Est-ce possible qu'à partir d'une terrasse de café l'on peut croire comprendre un pays ? Diagnostiquer des passants ? Extirper ses illusions ? Un café, s'il vous plaît? sans sucre !

Sans sucre ? On n'a pas besoin de le dire. Ici l'on n'encourage pas « le sucrage ». L'ignoble diabète qui décristallise l'industrie sucrière, tient plusieurs mondes par le bout d'un doigt éternellement piqué. Il est dans les rayons sans gluten, en light installés dans toutes les surfaces de vente. La gourmandise est un péché diététique. Bon bref? fixé à une chaise en osier, s'accoudant à une table, vrai guéridon, je vois des histoires circuler, des légendes mourir, des souvenirs rejaillir. Les gens ne cessent de bouger. La ville n'a plus de destination précise. Tous les sens sont valables. Il n'y a plus de limites entre la gauche et la droite la plus envahissante.

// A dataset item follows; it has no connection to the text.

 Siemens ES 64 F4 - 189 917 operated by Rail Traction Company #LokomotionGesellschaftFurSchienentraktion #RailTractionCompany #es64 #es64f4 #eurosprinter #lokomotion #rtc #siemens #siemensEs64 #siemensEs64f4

Seuls parfois des panneaux tiennent à signaler aux gens des passages obligatoires, d'autres interdits.

La France est trop occupée aux affaires du monde pour s'occuper des siennes. Tout ce qui bouge en dehors de ses frontières la fait frémir. La où elle fonce, elle s'y enfonce. Toute la France, belle et épanouie qu'elle semble être est stressée. Elle est écrasée par le souci économique et l'agacement sécuritaire. Un simple sac abandonné fait rameuter toute une cavalerie d'artificiers, fait boucler le périmètre et fait donner en spectacle effrayant ce pays, paraissant si sûr, si vigilant, si confiant. Un perçant pet de mauvais pot d'échappement arrive à faire tressauter la multitude et battre le pavé par des bottes et du grand arsenal. Si la France continue à se contenir dans un rêve à finalité périlleuse pour de nombreux jeunes en quête de « liberté », c'est qu'elle va tuer ce rêve dans les dédales d'une procédure inégale et pernicieuse. La respiration, la mobilité, le sourire sont tous réglementés.

Le paradoxe c'est que cette forte et générale mise en carcan des comportements individuels n'est pas à même de créer des règles communes, à commettre des impairs dans chaque personne prise à part. La réglementation à titre communautaire excessive castre le peu de manœuvre libertaire qui subsiste et qui remonte à l'origine du souffle humain. Le chômage ou la crainte de sa survenance est ici comme un enterrement dont la finale mise en terre ne peut s'arrêter que par un suicide. J'ai vu des gens mourir par manque de joie. D'autres décrépissent en lenteur pour avoir tout le temps à porter dans le visage la morosité du jour grisaillant et de la brume infinie d'un monde finissant.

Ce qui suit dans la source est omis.